- Map showing Jamkoriapur (#579) in Khiron CD block
- Jamkoriapur Location in Uttar Pradesh, India
- Coordinates: 26°15′11″N 80°58′05″E﻿ / ﻿26.2530°N 80.9680°E
- Country: India
- State: Uttar Pradesh
- District: Raebareli

Area
- • Total: 1.69 km^{2} (0.65 sq mi)

Population (2011)
- • Total: 881
- • Density: 521/km^{2} (1,350/sq mi)

Languages
- • Official: Hindi
- Time zone: UTC+5:30 (IST)
- Vehicle registration: UP-35

= Jamkoriapur =

Jamkoriapur is a village in Khiron block of Rae Bareli district, Uttar Pradesh, India. It is located 21 km from Lalganj, the tehsil headquarters. As of 2011, it has a population of 881 people, in 191 households. It has one primary school and no healthcare facilities and it hosts a weekly haat but not a permanent market. It belongs to the nyaya panchayat of Tikwamau.

The 1951 census recorded Jamkoriapur as comprising one hamlet, with a total population of 221 people (112 male and 109 female), in 46 households and 43 physical houses. The area of the village was given as 347 acres. Eight residents were literate, all male. The village was listed as belonging to the pargana of Khiron and the thana of Gurbakshganj.

The 1961 census recorded Jamkoriapur as comprising one hamlet, with a total population of 260 people (126 male and 134 female), in 53 households and 52 physical houses. The area of the village was given as 347 acres.

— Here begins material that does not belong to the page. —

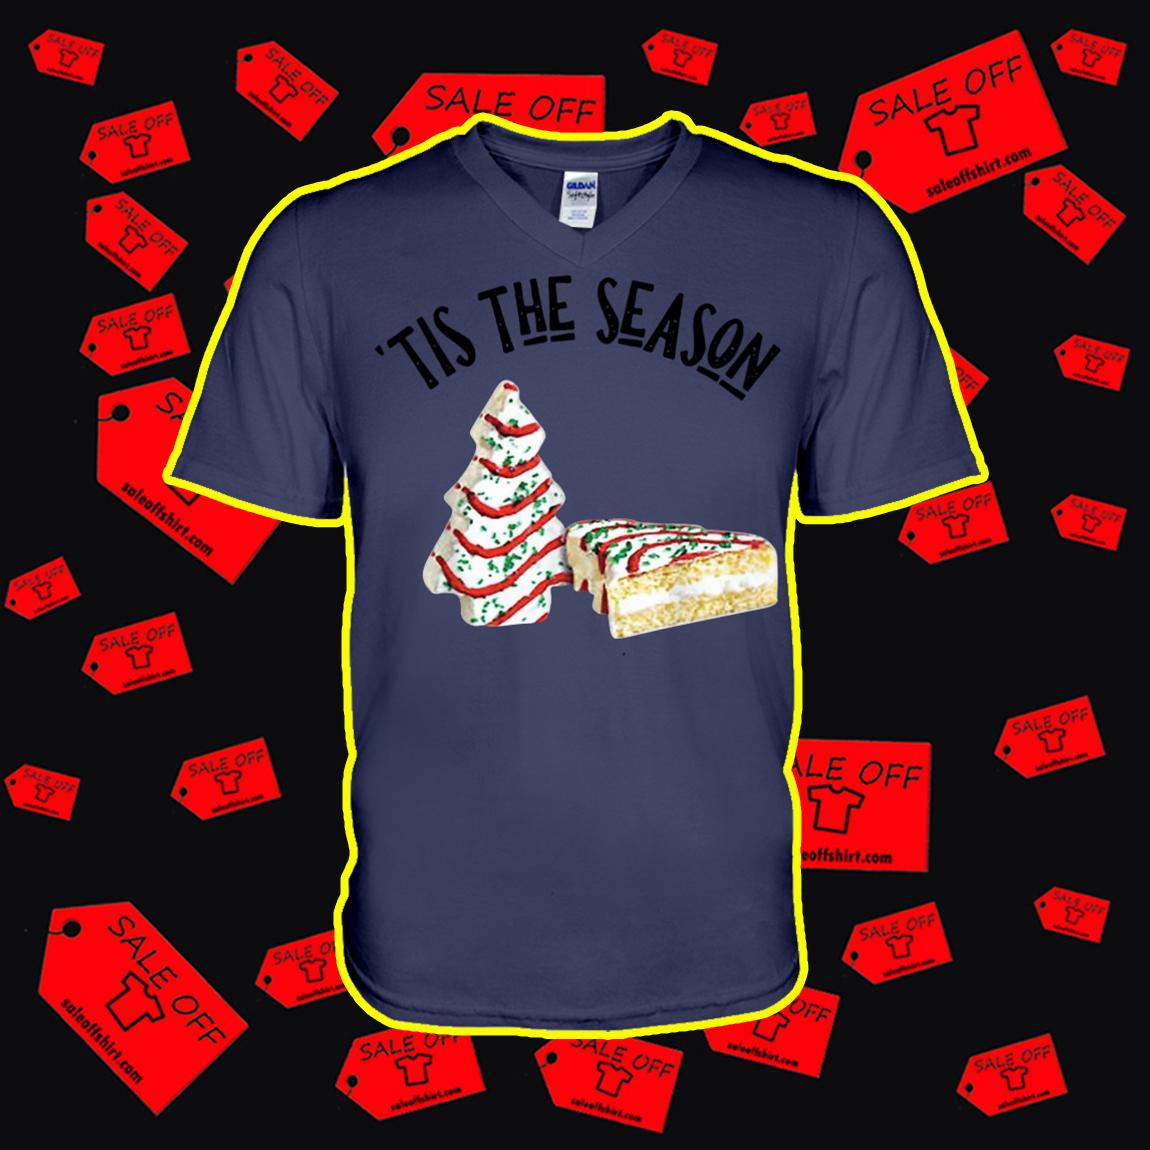 Christmas Tree Cakes Tis The Season v-neck
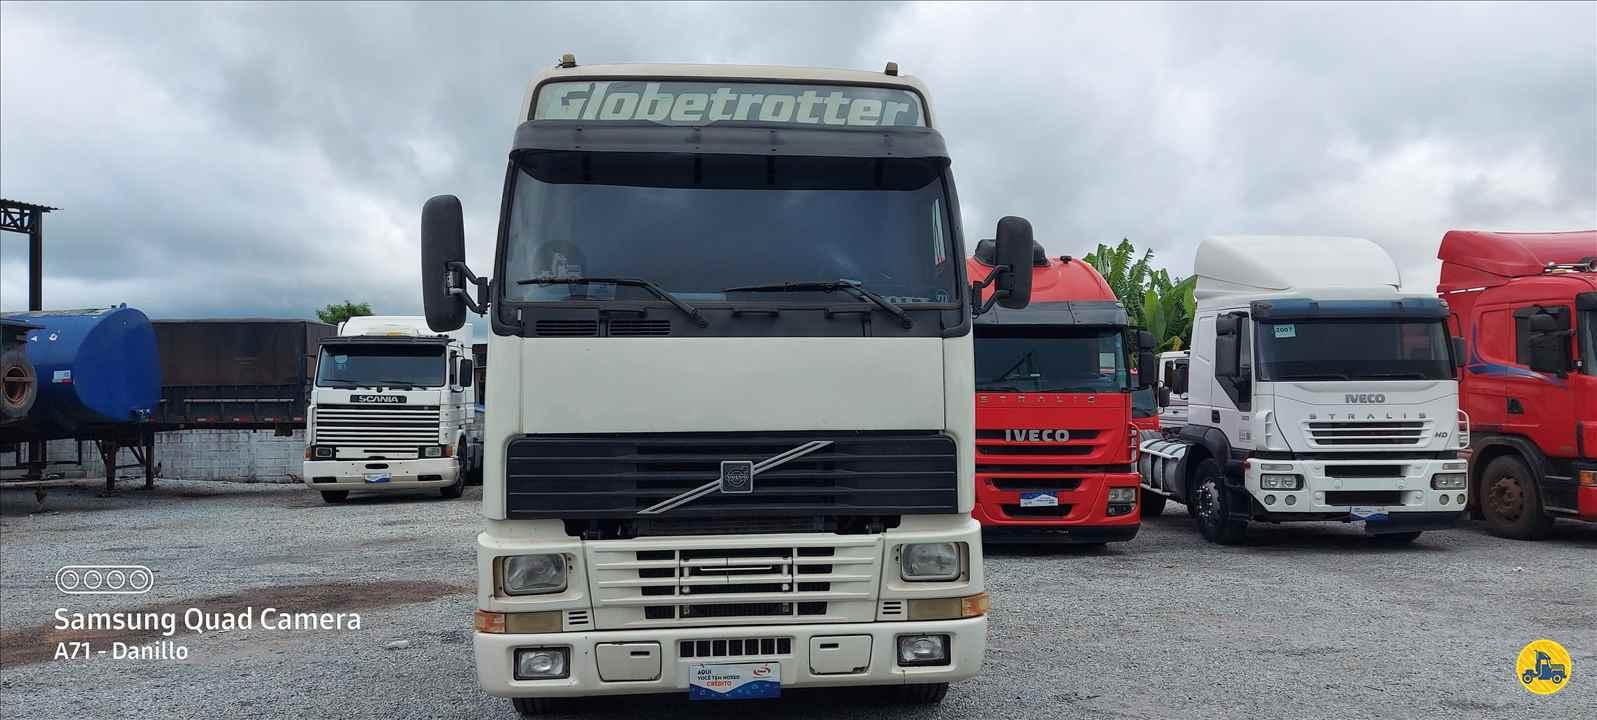 CAMINHAO VOLVO VOLVO FH12 380 Cavalo Mecânico Toco 4x2 13 de Maio Caminhões BETIM MINAS GERAIS MG

The 1981 census recorded Jamkoriapur as having a population of 424 people, in 81 households, and having an area of 148.93 ha. The main staple foods were given as wheat and rice.

The 1991 census recorded Jamkoriapur (as "Jam Koriyapur") as having a total population of 458 people (214 male and 244 female), in 95 households and 95 physical houses. The area of the village was listed as 149 ha. Members of the 0-6 age group numbered 104, or 23% of the total; this group was 55% male (57) and 45% female (47). Members of scheduled castes made up 26% of the village's population, while no members of scheduled tribes were recorded. The literacy rate of the village was 17% (70 men and 9 women). 89 people were classified as main workers (77 men and 12 women), while no people were classified as marginal workers; the remaining 369 residents were non-workers. The breakdown of main workers by employment category was as follows: 57 cultivators (i.e. people who owned or leased their own land); 26 agricultural labourers (i.e. people who worked someone else's land in return for payment); no workers in livestock, forestry, fishing, hunting, plantations, orchards, etc.; no in mining and quarrying; no household industry workers; no workers employed in other manufacturing, processing, service, and repair roles; no construction workers; no employed in trade and commerce; two employed in transport, storage, and communications; and four in other services.